What needs to be done:
Here the job is to transcribe the data verbatim while leaving each picture out.

Source data:
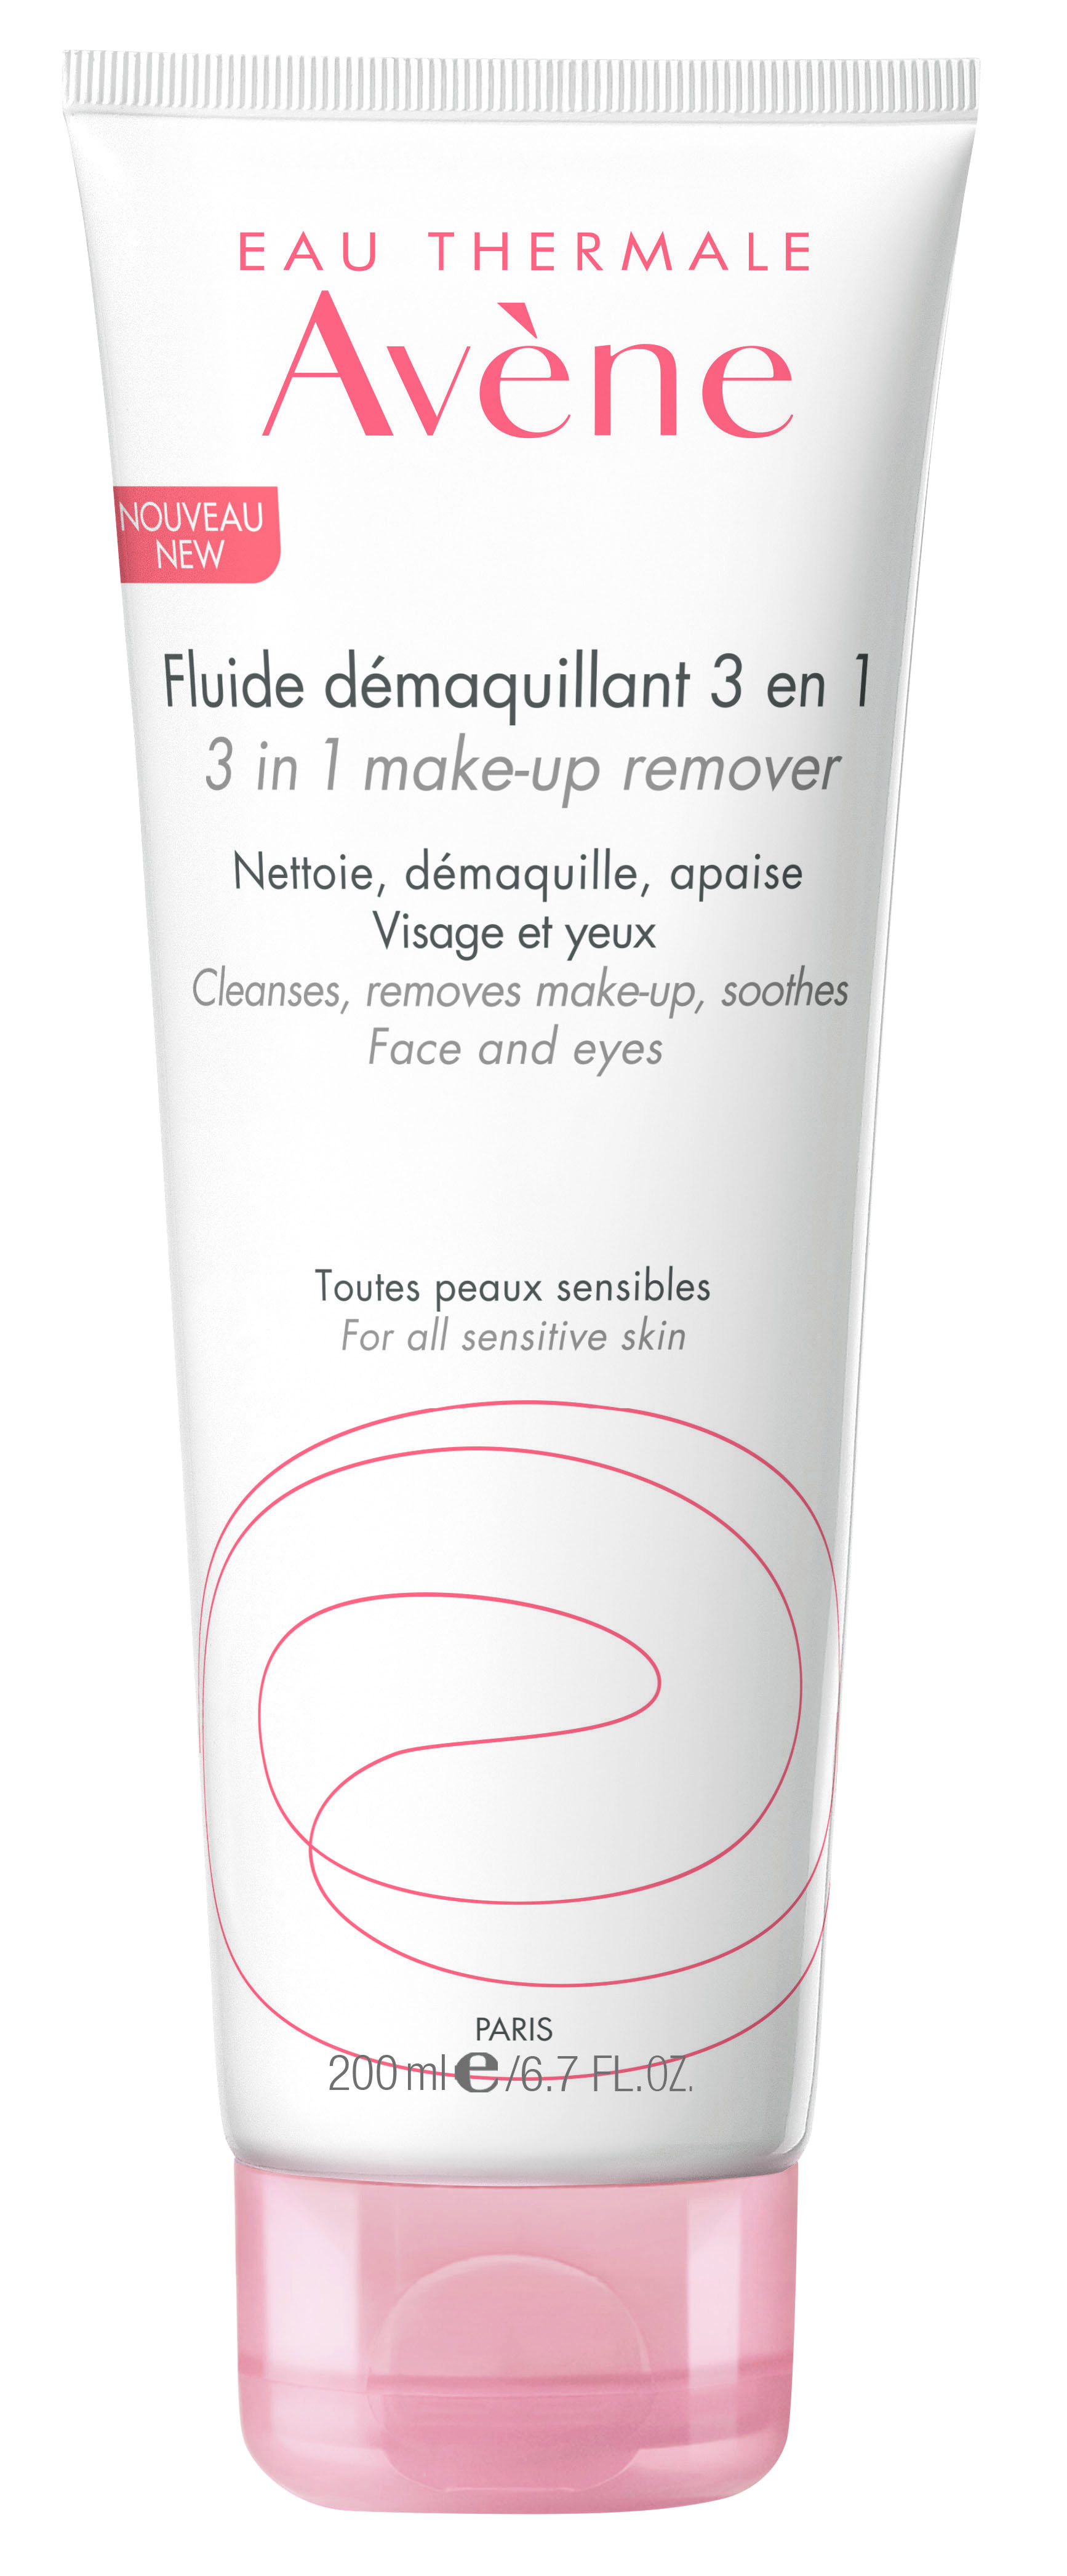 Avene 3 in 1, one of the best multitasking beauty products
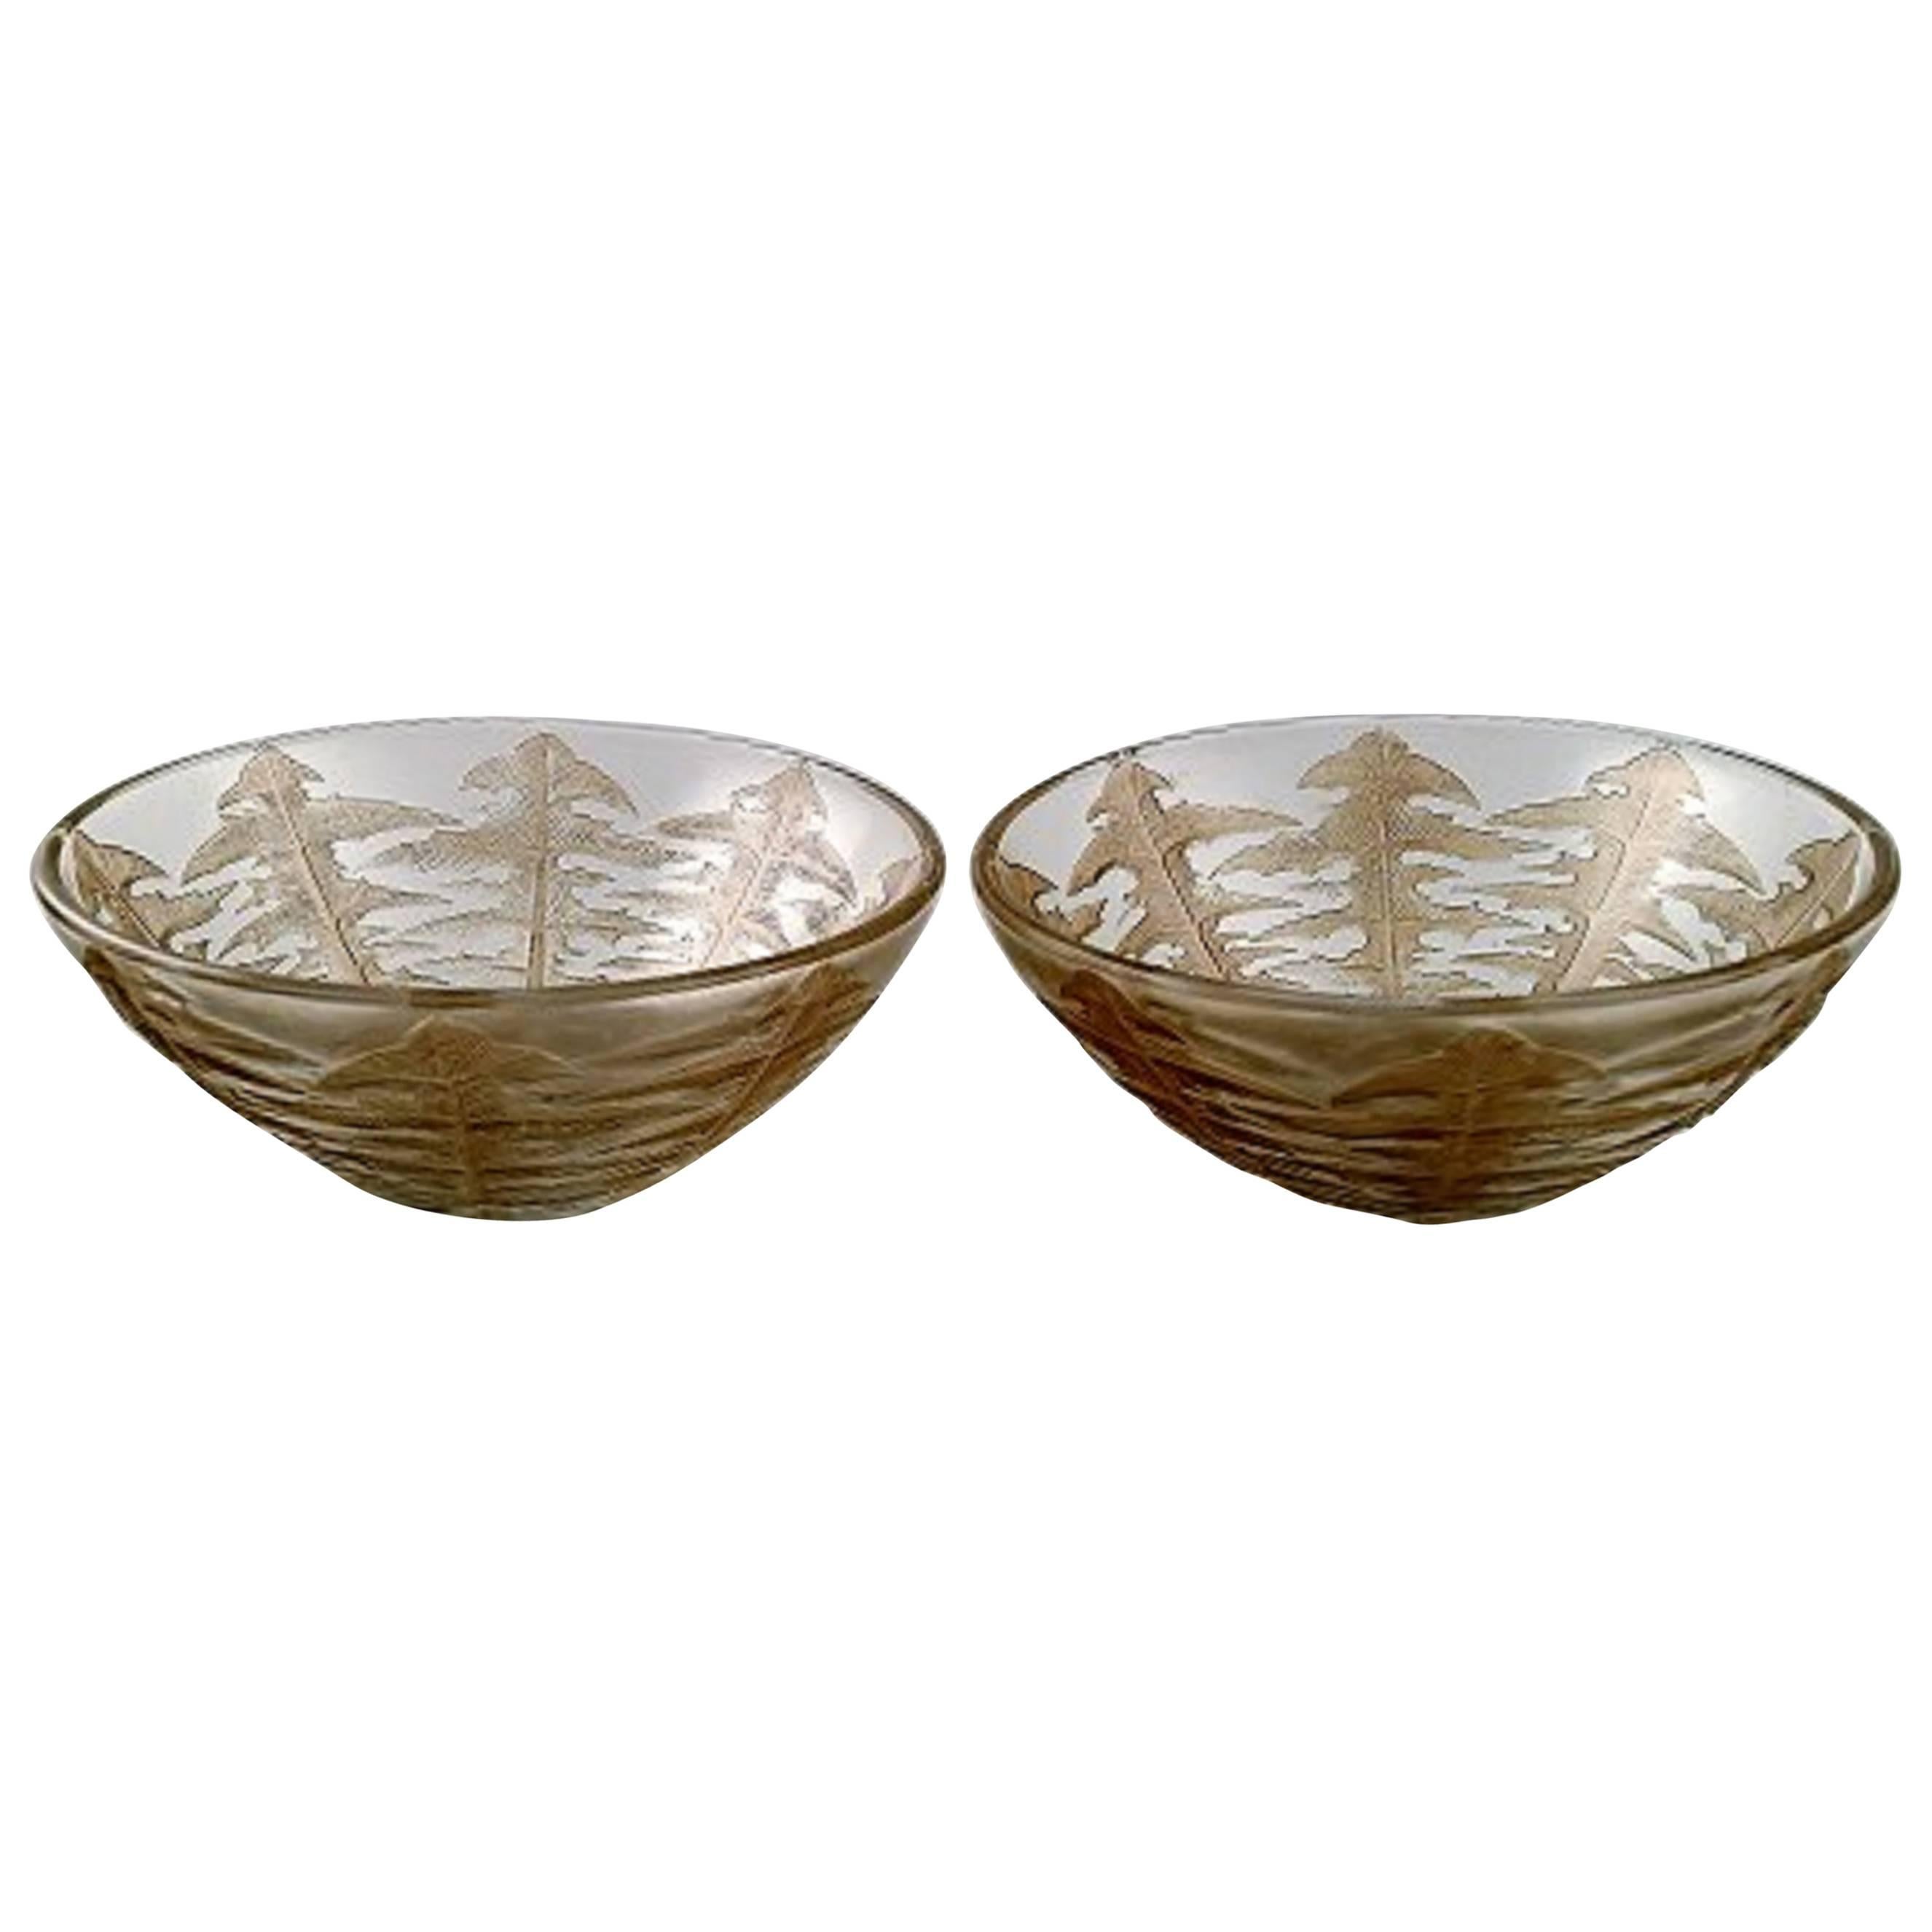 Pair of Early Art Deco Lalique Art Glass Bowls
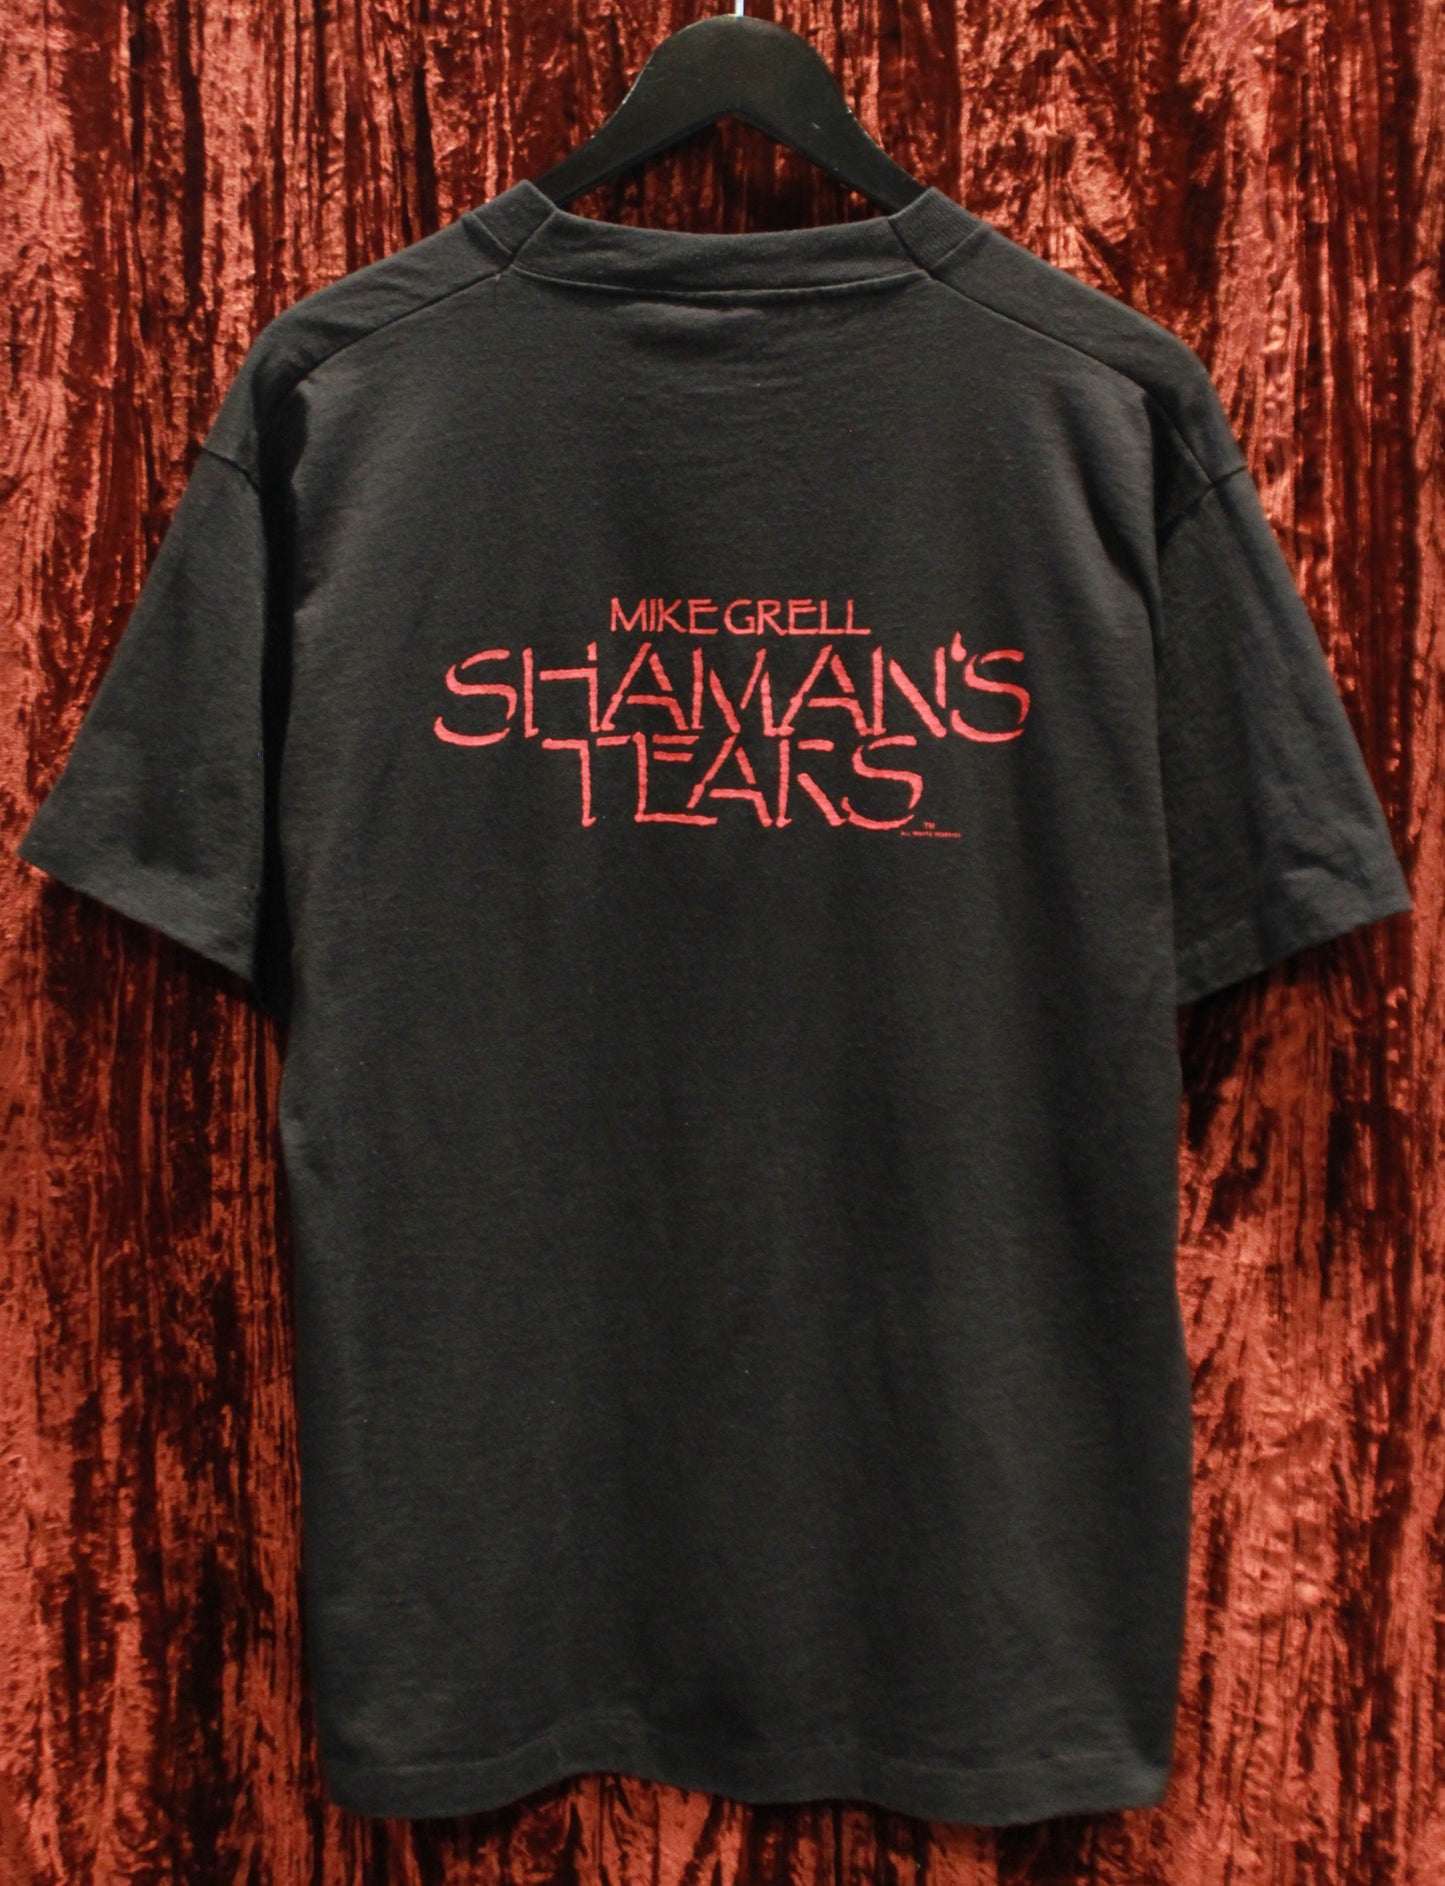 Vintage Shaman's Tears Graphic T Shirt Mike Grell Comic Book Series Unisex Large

Completed task:
 Avene 3 in 1, one of the best multitasking beauty products
 Pair of Early Art Deco Lalique Art Glass Bowls
 Vintage Shaman's Tears Graphic T Shirt Mike Grell Comic Book Series Unisex Large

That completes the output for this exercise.